The heavy eyes grew bright with fire, the lips shaped to a sneer—
'Welcome, my paleface brother, what good news brings you here ?
Are you come with the voice of healing, with the book of your blameless breed,
To soothe my soul with comfort while my body gnaws with need ?

Welcome, O paleface brother; come, what have you to fear ?
Mayhap the redskin chieftain can teach as well as hear;
And while we sing your sacred songs and breathe your mystic prayer,
Who knows what inspiration may come on the ev'ning air ? . . .

Listen; you are a scholar, schooled in the pale-face lore:
Tis said a dying saint may sometimes see the shining shore;
That closing eyes peer far beyond the realm of mortal sight,—
Who knows but that a dying race may read the road aright ?

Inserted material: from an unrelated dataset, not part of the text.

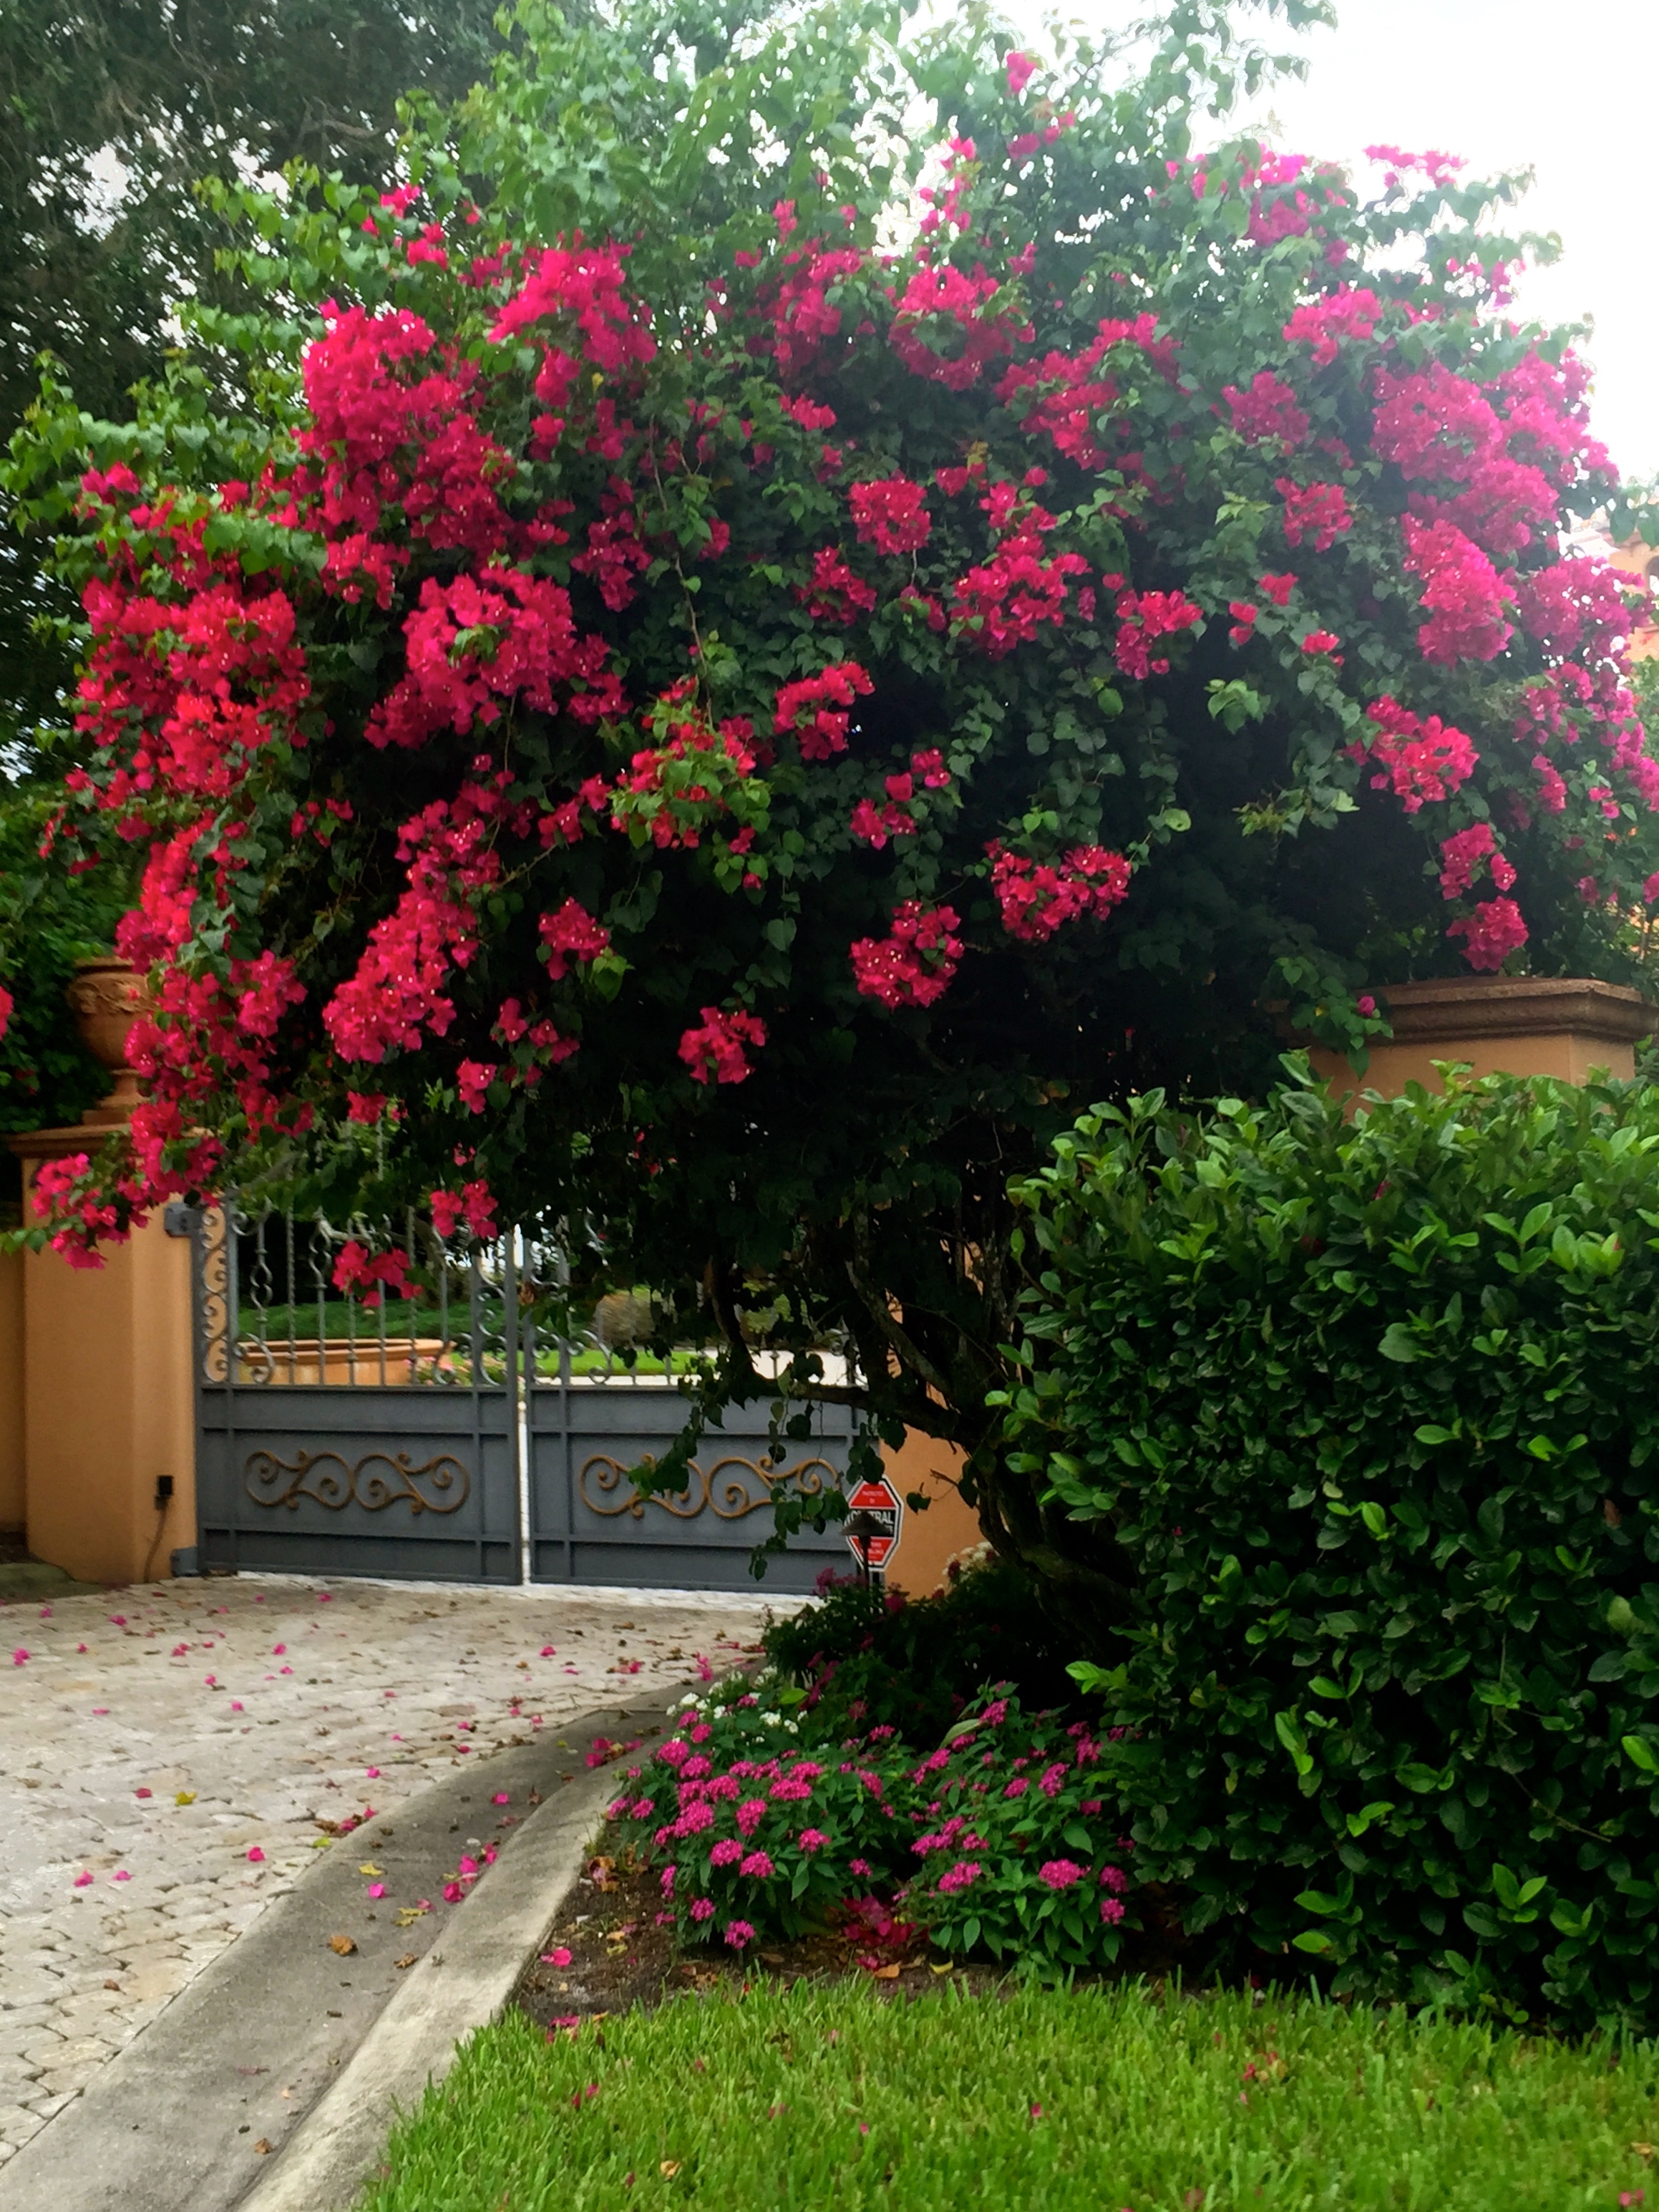 Florida bougainvillea by The Potted Boxwood. 2

A dying race! We know it; the land is ours no more,
No more we roam the prairies as in the days of yore;
The brave, free spirit that was ours is crushed and passed away,
And bodies without spirits are predestined to decay.

' No matter. In the summertime the flowers bloom in the grass,
The startled insects flood the fields and chirrup as you pass,
The birds sing in the bushes; but before the wintry blast
The flowers and the insects and the little birds are past.

'Yet once again the spring will come, the flowers will bloom again,
And insects chirrup blithely where the former ones are lain;
The white snows of the winter-time will vanish in the heat,
And outdoor life and colour will follow their defeat.

Can the paleface read the riddle? Has he eyes to see the signs ?
Or thinketh he that snow will lie forever on the pines ?
That housed-up life can triumph for the mastery of state,
Or cushioned chairs produce a race destined to dominate ?

Behold, the things your hands have done, the power your arts have won—
Behold, those things shall vanish as the snow before the sun;
The snow that smothered out the red—ah, hear it if you can—
Shall leave the earth as suddenly, and leave it brown and tan.

Hear ye a little lesson — surely ye know its worth —
Only an outdoor nation can be master of the earth;
Soon as ye seek your couches, soft with the spoils of trade —
See well to your outer trenches before the mines are laid!

' Hear ye a little lesson—can ye the truth divine ?
Milk ye may mix with water, and water will mix with wine;
Mix as ye may on your prairies, mix in your hope and toil,
But know in all your mixing that water won't mix with oil!'

In the dingy dusk of his deerskin tent sat the chief of a dying race,
And the glow of holy prophecy lit up his rugged face,
And the foremost light of the setting sun fell far on an eastern land, —
And who shall save the paleface if he will not understand?